══ Exercise materials
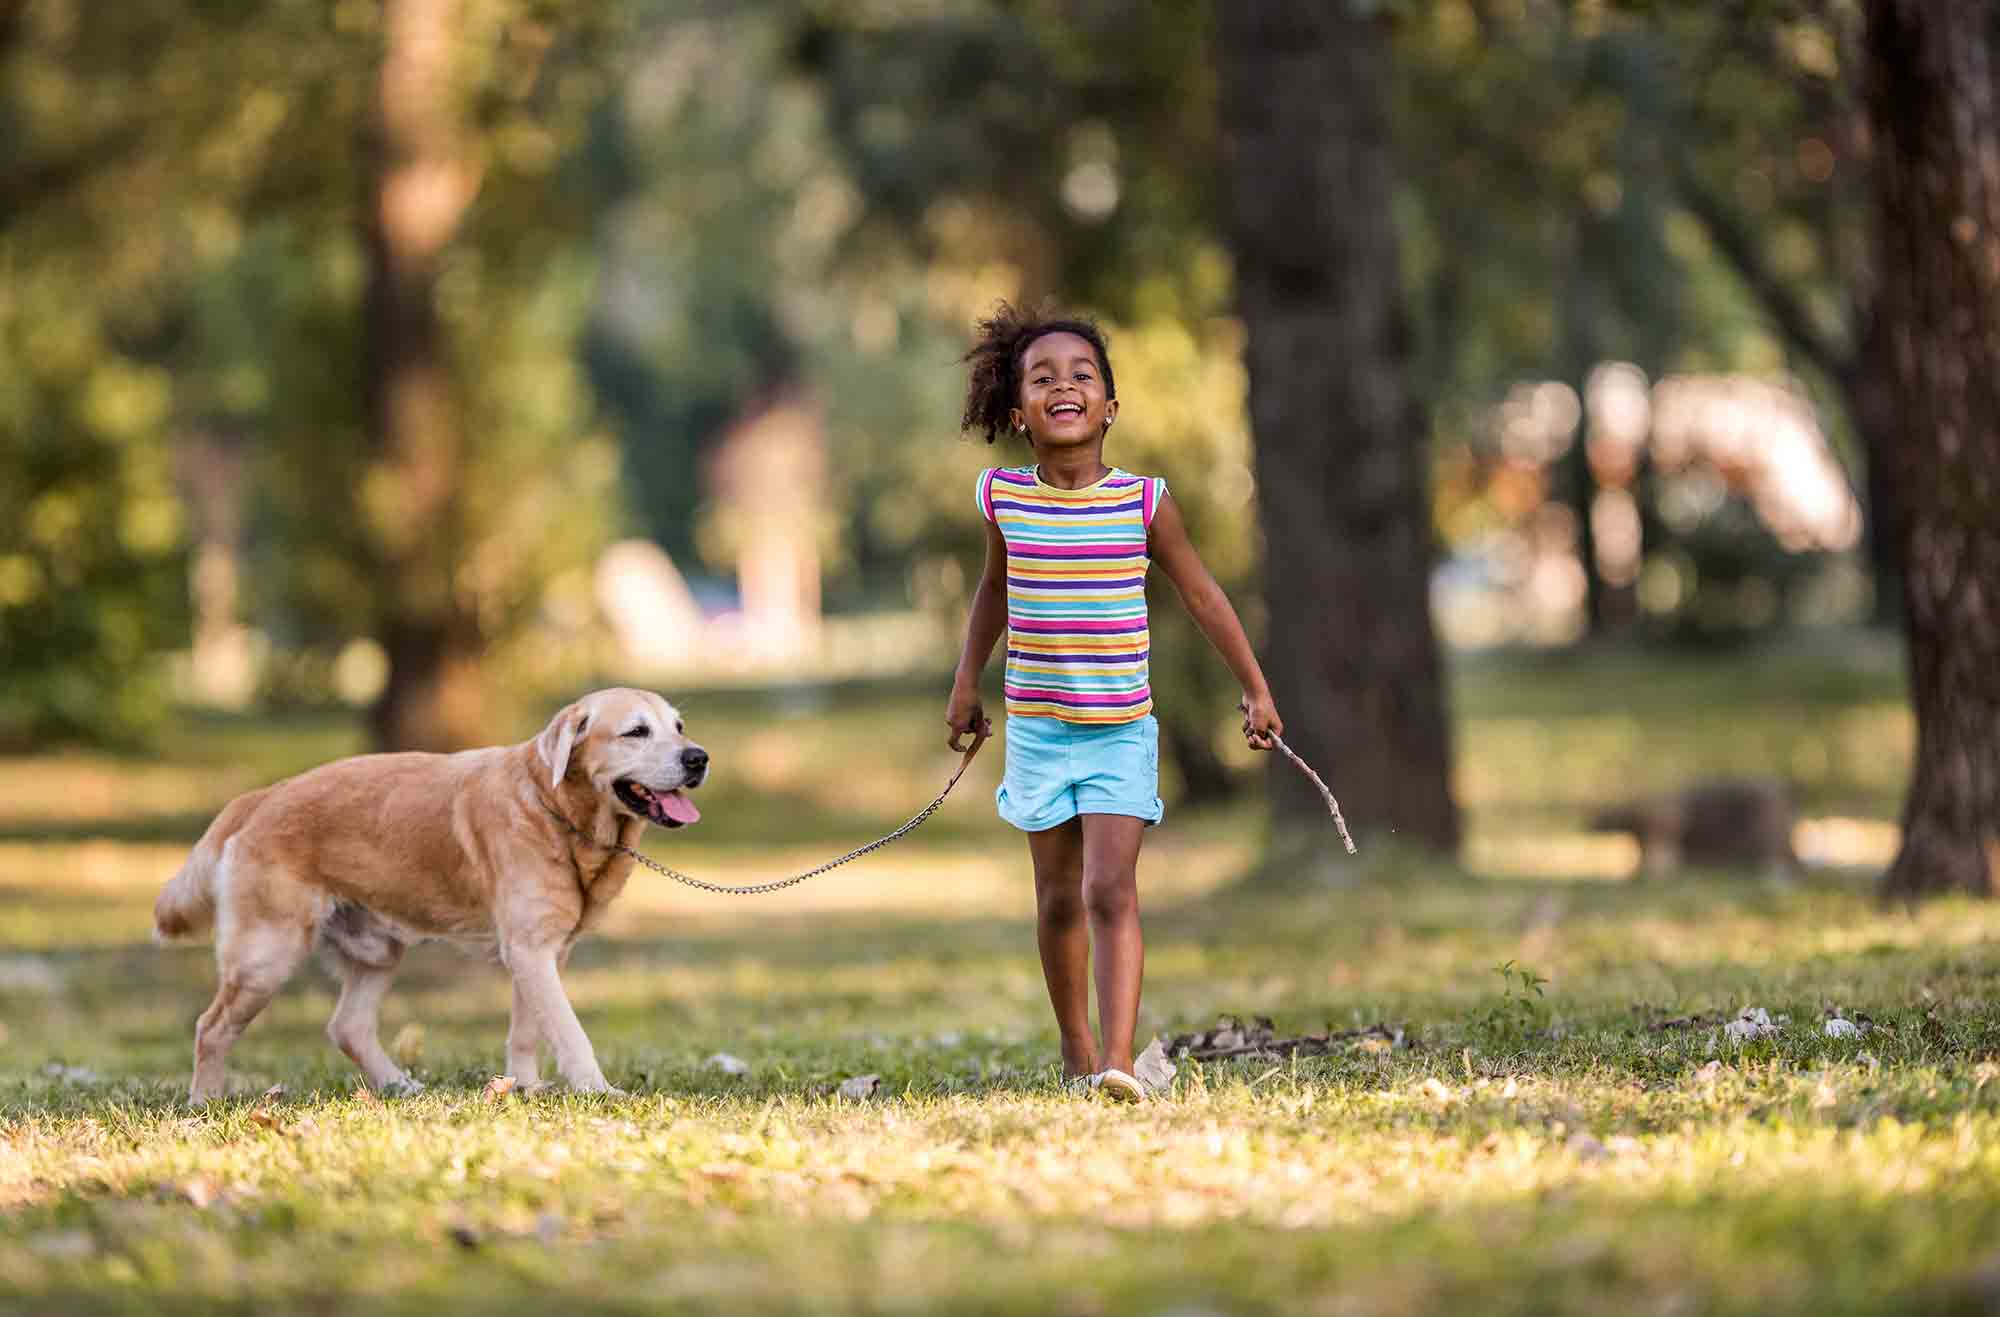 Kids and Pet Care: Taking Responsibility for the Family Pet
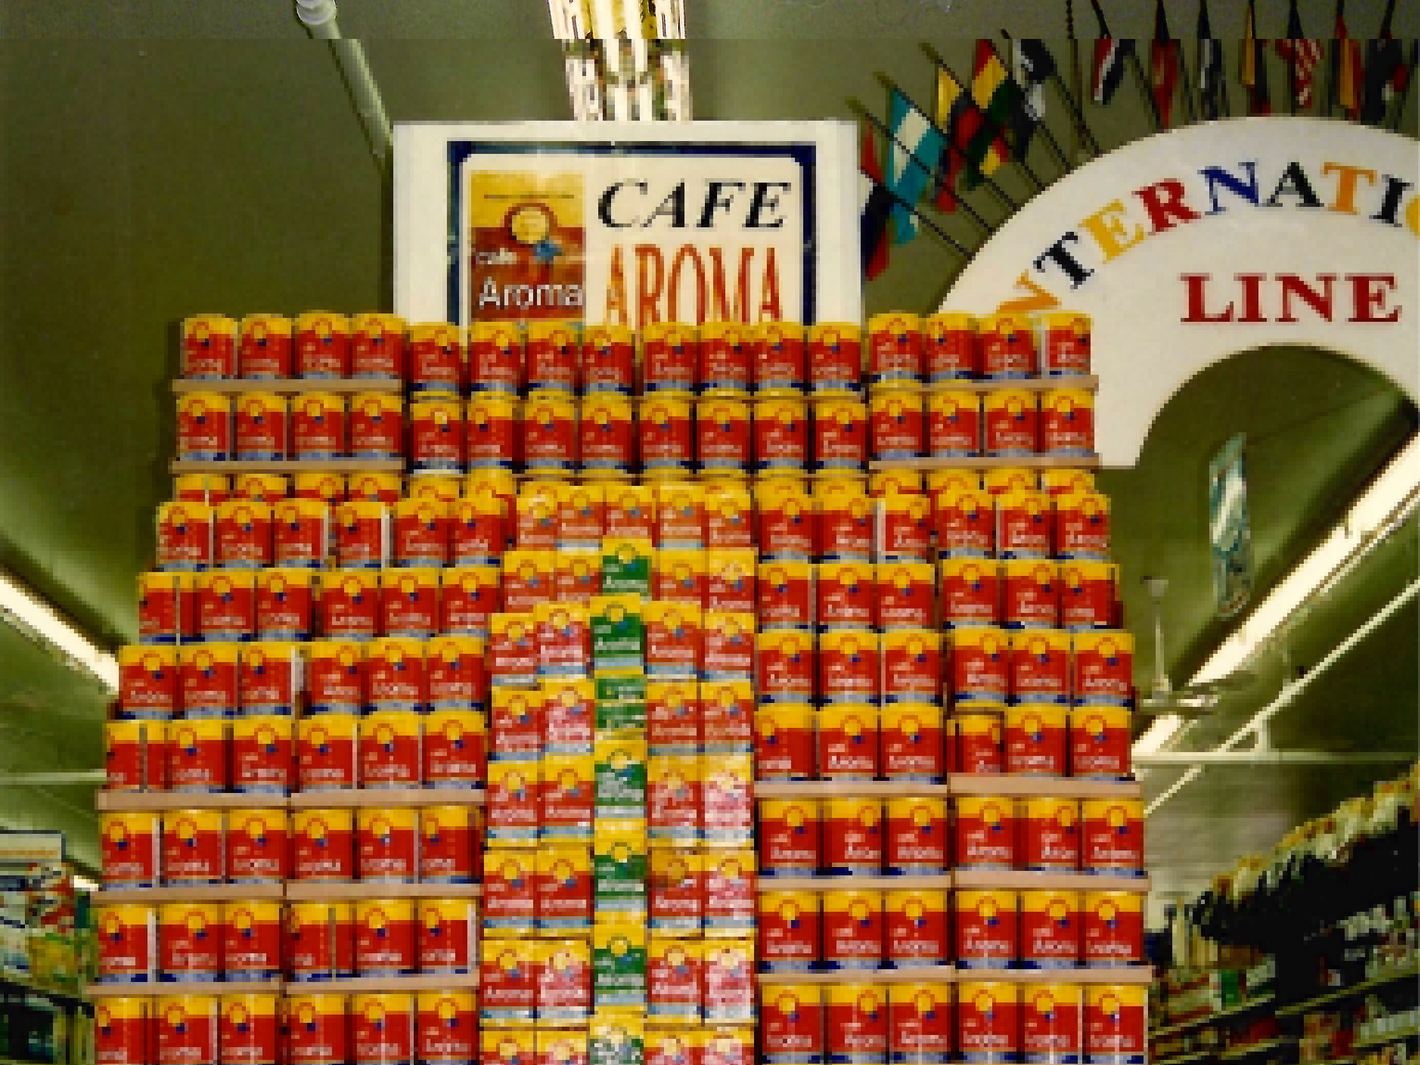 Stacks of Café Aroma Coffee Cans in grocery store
════
══ Exercise materials
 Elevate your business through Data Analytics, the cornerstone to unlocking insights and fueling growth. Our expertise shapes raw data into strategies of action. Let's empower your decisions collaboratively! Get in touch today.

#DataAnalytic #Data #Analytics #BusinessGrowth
════
══ Exercise materials
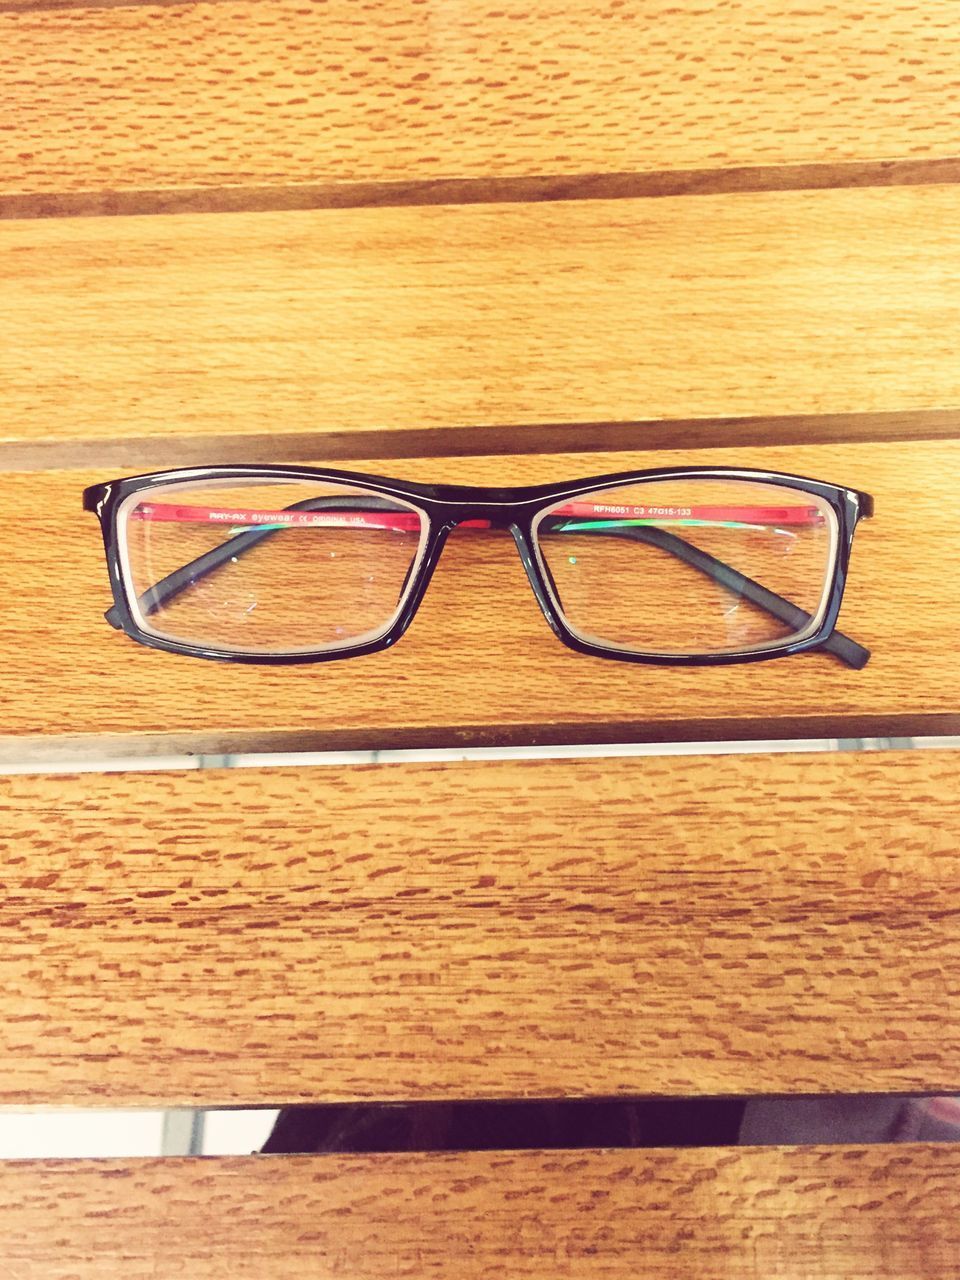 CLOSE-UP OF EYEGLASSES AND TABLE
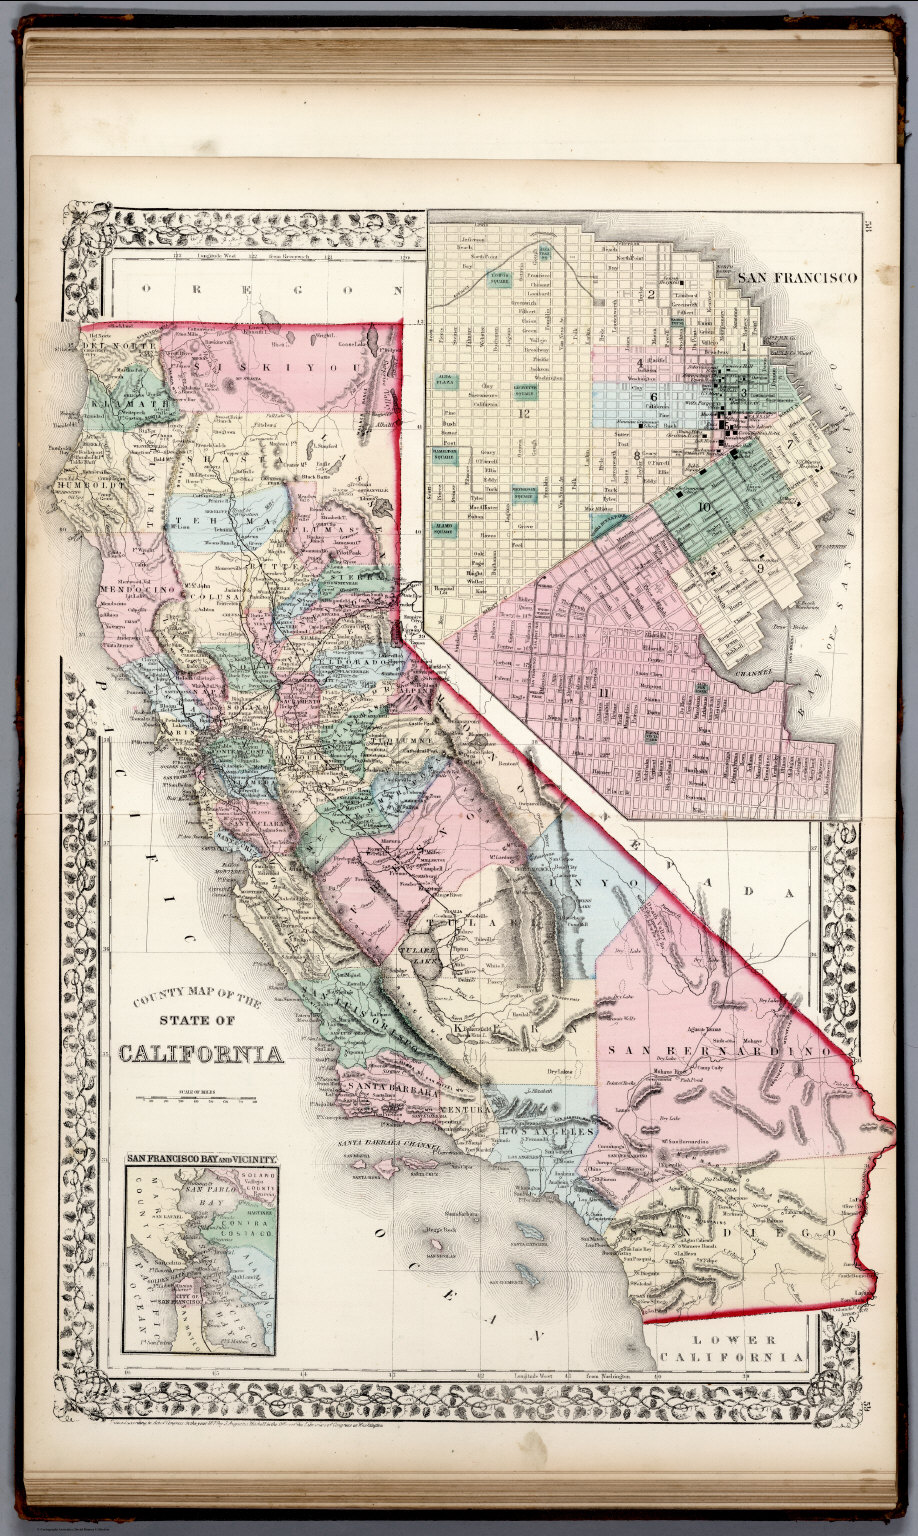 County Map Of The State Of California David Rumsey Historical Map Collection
════
## Assignment
Reproduce the entries exactly, from the line with "Kids and Pet" to the line with "Stacks of Café", both lines included, keeping no pictures.

## Expected output
 Kids and Pet Care: Taking Responsibility for the Family Pet
 Stacks of Café Aroma Coffee Cans in grocery store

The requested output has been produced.